Nas versões presencial e online, a Mostra Homenagem é a oportunidade de ver reunidos os filmes da dupla de homenageados Ary Rosa e Glenda Nicácio. Reunimos seis filmes, quatro que já foram exibidos na Mostra de Tiradentes, entre eles dois que tiveram suas estreias na Mostra Olhos Livres (Até o Fim e Voltei!), e dois filmes recentes que estreiam na Mostra este ano (Mugunzá e Na Rédea Curta).

Quando Café com Canela estreia em 2017, o impacto é grande, ainda que (quase) discreto na sua crônica sobre um grupo de pessoas de uma mesma localidade. Impressiona como Glenda Nicácio e Ary Rosa conduziram um retrato coletivo com um intransigente prazer, o que soou para alguns desatentos como aparente displicência. Havia ali um filme com adesão irrestrita à ficção, um exercício raro de uma fabulação que investia ao mesmo tempo na fabulação via relato de atrizes e atores, na prosódia que deixava claro a força não dissimulada do texto escrito (e um momento que o efeito do documentário e a rarefação causava sensação na ficção), uma visualidade espacial que misturava cenários internos estilizados e locações reais das cidades de Cachoeira e São Felix, uma câmera que procurava os pontos de vista mais inusuais e uma montagem que investia no lúdico, sem receio da emoção. O filme vinha do Recôncavo Baiano e era a primeira direção da dupla pela Rosza Filmes.

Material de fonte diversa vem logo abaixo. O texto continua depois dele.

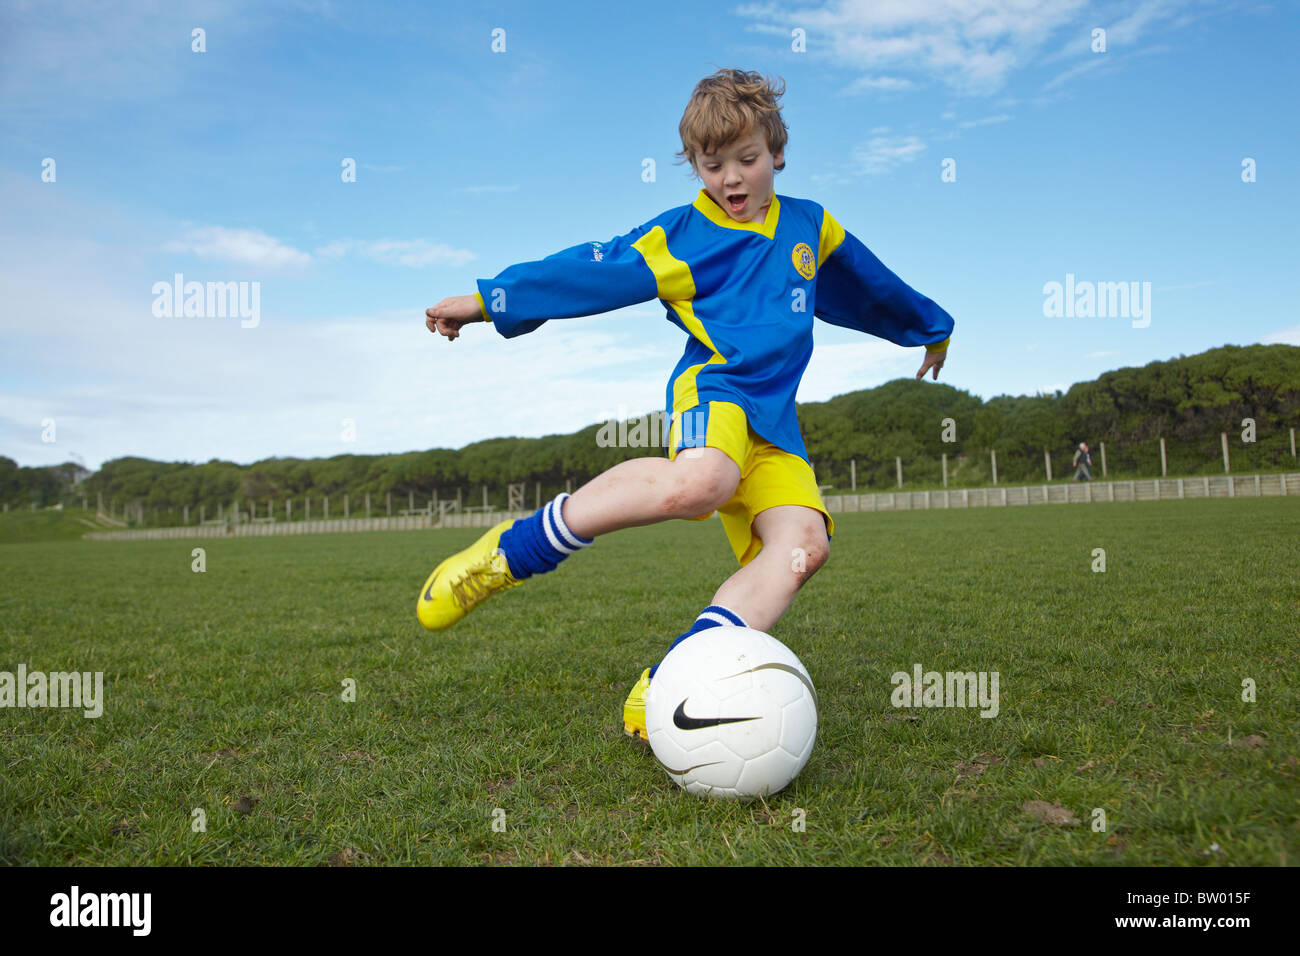 Young boy kicking football Stock Photo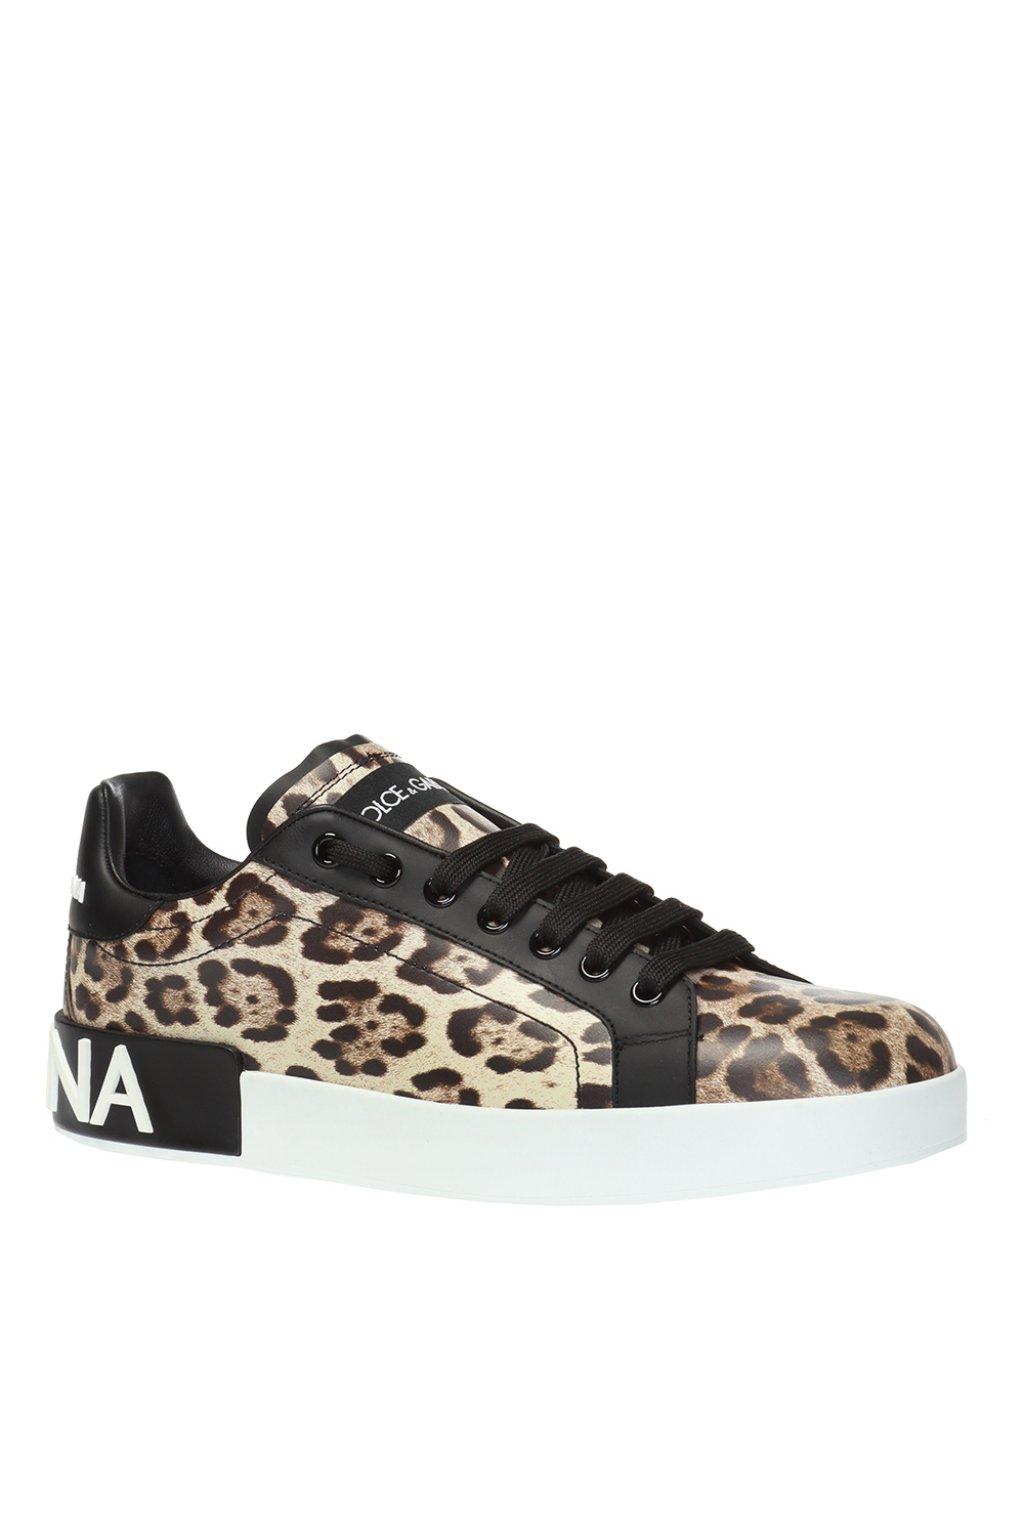 dolce & gabbana leopard print sneakers

Ilha (2018), no ano seguinte, reforçou essa impressão e radicalizou seus procedimentos que se fazem com belas discrepâncias: atores profissionais e não profissionais, planos de longa duração e montagem de ritmo inaudito, planos de composição mais clássica e outros de perspectiva instável, um uso inovador da câmera subjetiva, deixando ainda mais complexa a trama de pontos de vista que estabelece conflitos que entendem o cinema como aquilo que pode dar imagem sobre as feridas históricas. A contradição tem a força de uma avalanche. Um filme sobre cinema, bonito e cruel, triste e desejante, entre o passado e o futuro.

A relação entre passado e futuro está em Até o Fim (2019) e Voltei! (2020). Em Até o Fim temos um bar numa praia como cenário de um reencontro entre mulheres da mesma família, irmanadas em suas semelhanças e diferenças. A emergência do passado na fala, na cumplicidade, nos segredos das mulheres. Em Voltei é o futuro em que a energia elétrica acabou e duas irmãs recebem a visita de um fantasma da terceira. Em ambos os filmes há uma dinâmica de desconcertante agilidade cênica, com uma câmera atenta em uma espécie de vibração física na intensidade das atrizes, cortes inusuais e uma economia de espaço radical.

Em Mugunzá (2022), que abre o festival, vemos um trabalho que assume com mais força a teatralidade já presente em Voltei e Até o Fim, mas aqui se faz como um musical em que as 13 canções são interpretadas por Arlete Dias (grande atriz presente nos filmes anteriores) e Fabrício Boliveira. Concentrado na dupla, no filme Boliveira interpreta cinco homens que passaram pela vida de Arlete. A radicalidade cênica de Mugunzá se dá tanto por uma forma dramatúrgica – o trágico erigido sobre o universo das festas populares do Recôncavo – quanto pela mise-en-scène em que a espacialidade não dissimula uma cenografia que aposta na força do lastro teatral (de palco).

Já Na Rédea Curta (2022) é um longa-metragem com as personagens de Mainha (Sulivã Bispo) e seu filho Júnior (Thiago Almasy), da websérie de humor homônima, sucesso baiano na internet. No filme, Mainha e Júnior vão atrás do pai do rapaz em Cachoeira. O filme é o encontro da Rosza Filmes com as personagens já muito populares de Sulivã Bispo e Thiago Almasy. De Cachoeira e Salvador. No entanto, há uma diferença entre os vídeos populares. Na Rédea Curta e o filme Na Rédea Curta: a versão longa-metragem possui a loquacidade e o apuro visual da Rosza Filmes. Um dos grandes feitos do filme é a notável dinâmica entre o ritmo do humor de Bispo e Almasy com o tempo cênico da dupla Nicácio e Rosa, além, claro, de trabalho delicado e vigoroso com as atrizes e atores. Na Rédea Curta ainda traz no elenco Zezé Motta, Jackson Costa, Cristina Pereira, Luciana Souza, Arlete Dias, Edvana Carvalho, Genário Neto, Cristian Bell, Psiti Mota, Alan do Carmo, Rita Batista e Telma Souza.